Faire du logement un bien commun

Nous mettons en place des réglementations favorisant l’habitat collectif (coopératives, co-habitat) afin de faire du logement un droit et de favoriser la gestion en commun du parc immobilier. Les résident·e·s de nos villes et villages peuvent ainsi se loger à moindres frais et partager collectivement les coûts reliés au logement, en dehors de la spéculation immobilière. Les formes d’habitats collectifs et coopératifs permettent de sortir les biens immobiliers de la spéculation et de favoriser le droit au logement pour tous et toutes. Il y en a plus de 1 300 au Québec, regroupant plus de 30 000 logements. Les membres s’impliquent démocratiquement dans la gestion de leurs coopératives. Les loyers servent à l’acquisition des logements par la coopérative (hypothèque), mais aussi à son entretien et non à l’enrichissement d’un propriétaire unique.

Une autre façon de contribuer à la société et de créer de la richesse dans la société

Nous valorisons le capital social des projets communs en mettant de l’avant les effets positifs sur la communauté (création de lien social, amélioration de la qualité de vie des résident·e·s, préservation des écosystèmes, etc.). Lorsque les projets génèrent des profits, ceux-ci sont redistribués dans la communauté et pas seulement aux initiateurs, par exemple en créant des fonds d’investissement pour d’autres projets collectifs. À titre d’illustration, Solon a mis en place un fonds local de transition permettant de financer des petits projets citoyens à hauteur de 2000 $. Ce fonds est géré par les membres de Solon qui décident démocratiquement de l’attribution des demandes. Il est alimenté par des dons et le surplus des activités du Lab Transition.

Collectiviser les entreprises

Les entreprises sont incitées à adopter un modèle coopératif ou d’organisme sans but lucratif. À l’interne, nous encourageons les expériences d’autogestion ou d’horizontalité et la démocratisation des processus décisionnels par le consensus. Nous faisons davantage connaître les entreprises adoptant des modèles de coopératives de solidarité ou de travail, comme Molotov, la première coopérative de communication à but non lucratif au Québec. Les membres de cette coopérative ont décidé de travailler sans patron et de choisir les projets qui correspondent à leurs valeurs.
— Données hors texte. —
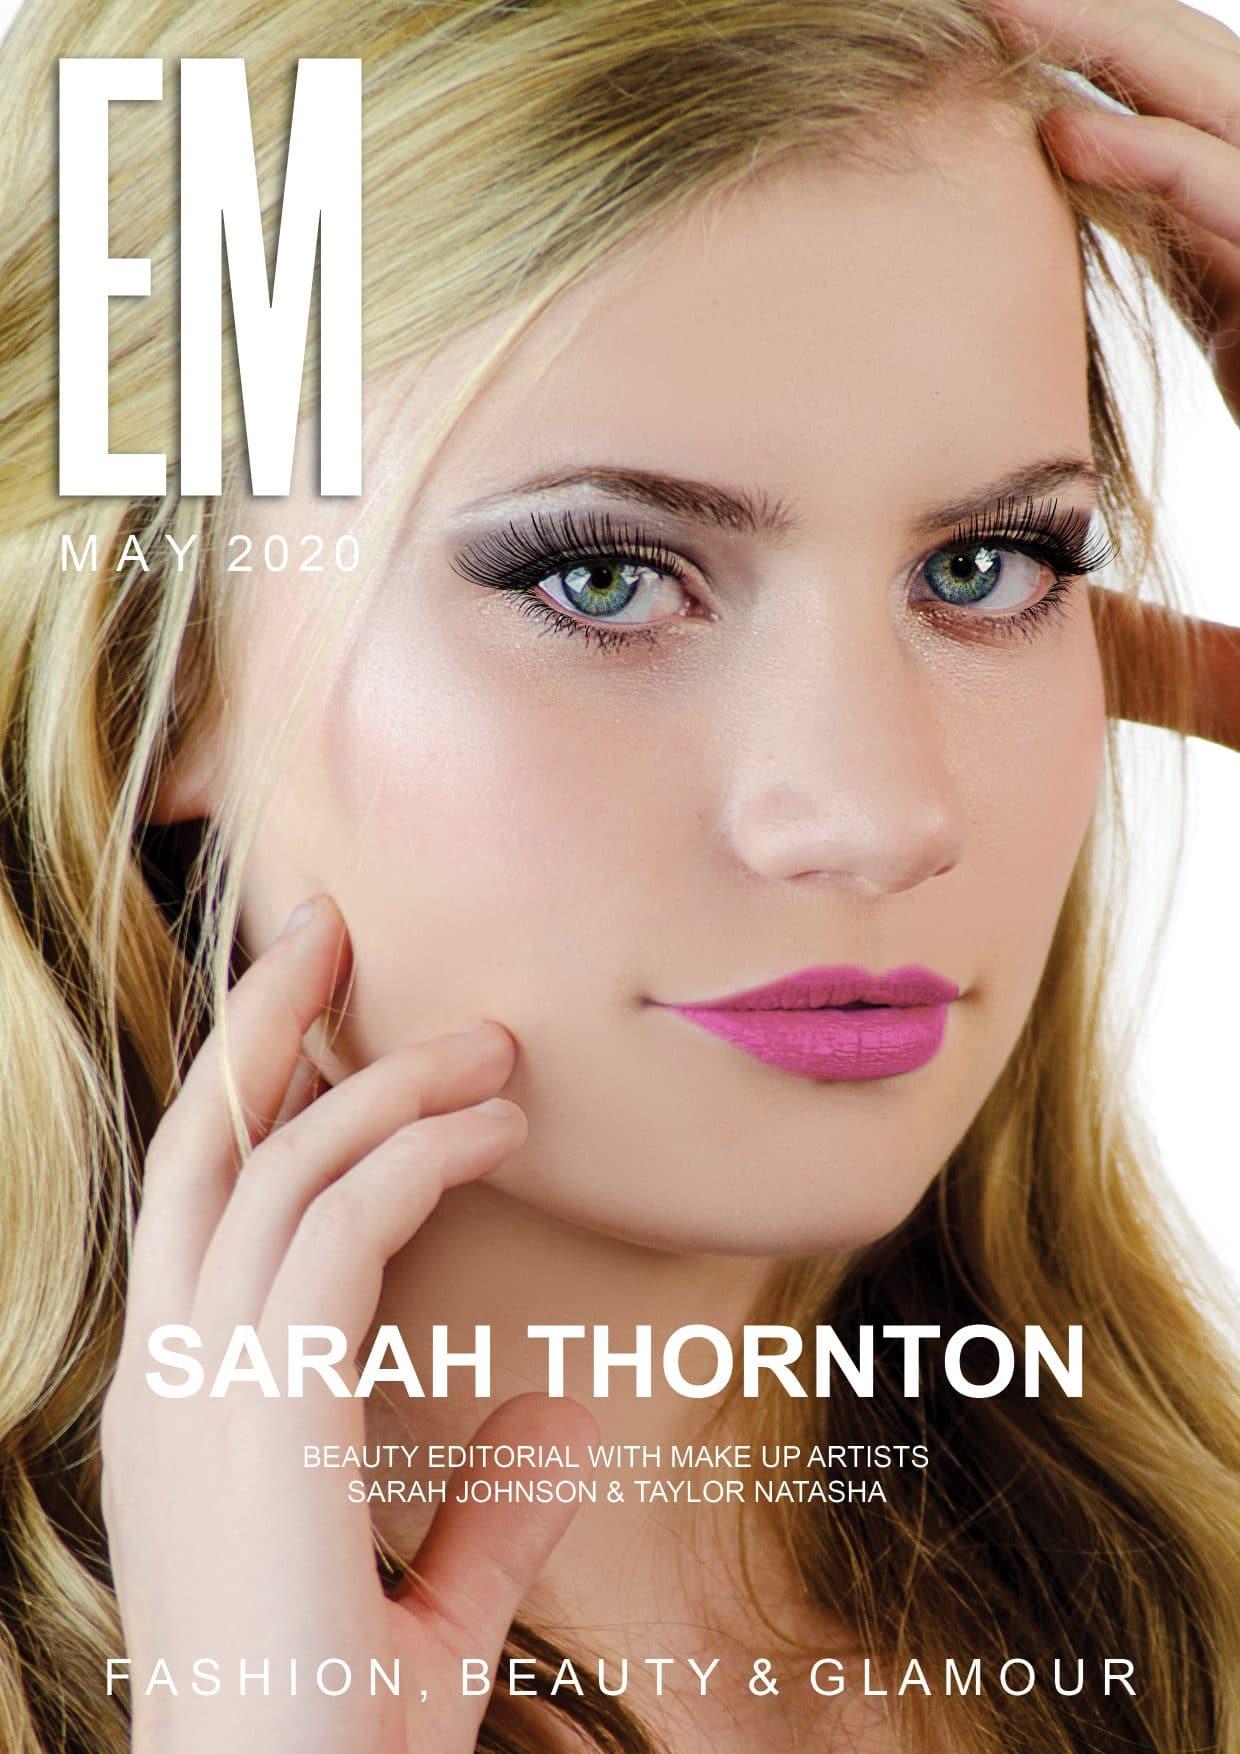 EM Magazine - May 2020
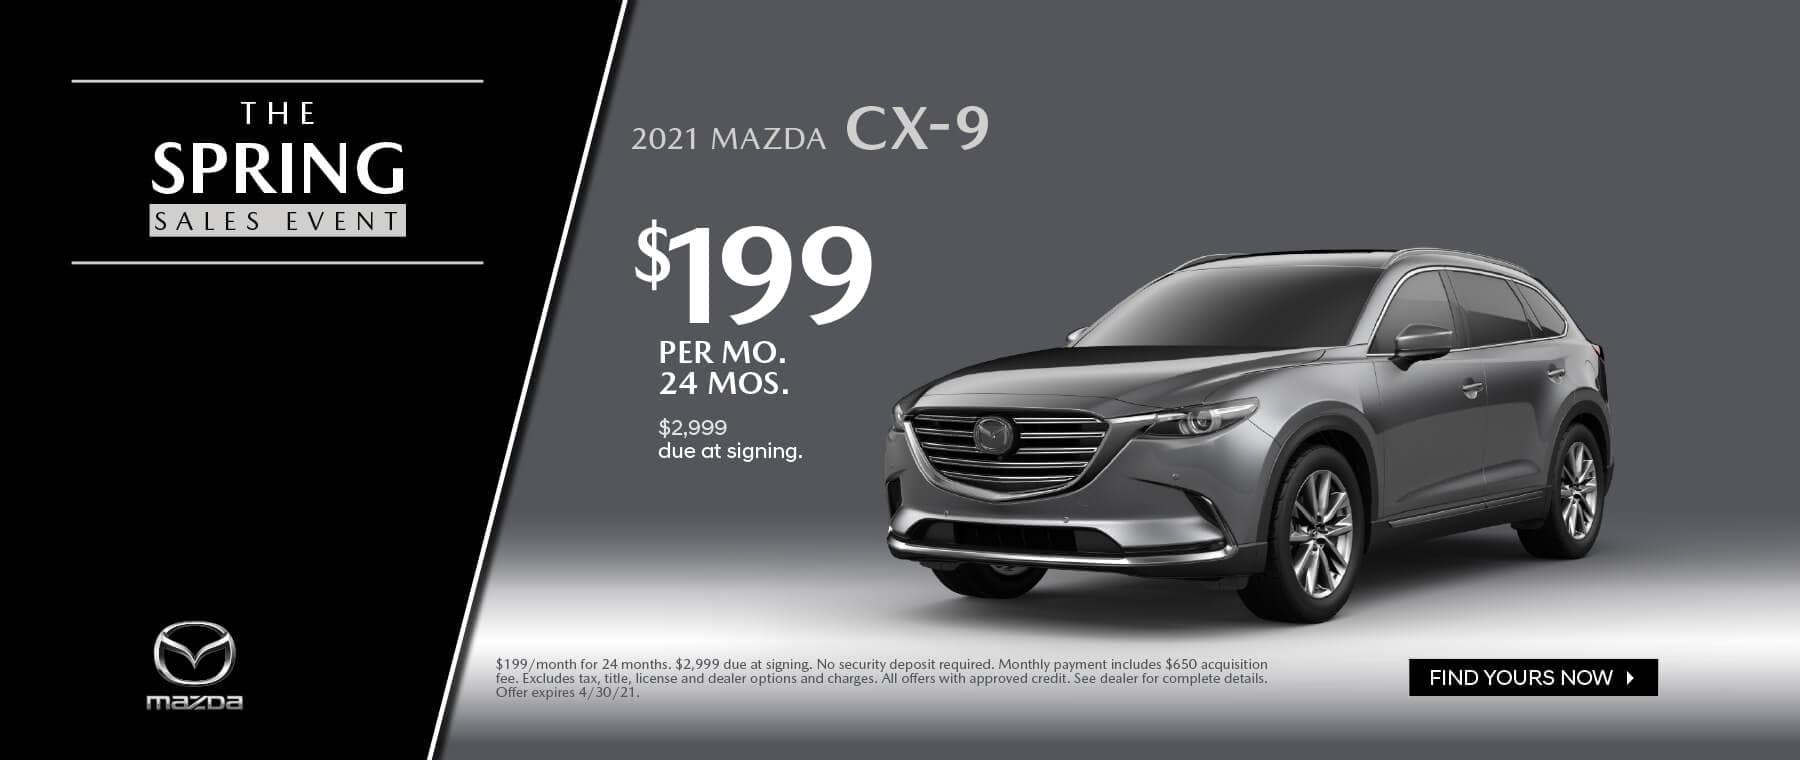 2021.04.15-Keffer-Mazda-APR-Web-Banner-Offer-Update-S51838vw-4

Ils et elles accompagnent des organismes, syndicats, personnalités publiques, etc.

Les licences publiques sont rendues obligatoires. Nous créons des incitatifs au partage de connaissances, de techniques, d’outils et à la gestion des ressources en commun entre entreprises. En temps de crise, les entreprises sont mises à contribution pour trouver des solutions aux problèmes collectifs (production de denrées ou produits nécessaires à la société, ouvertures de locaux-usines).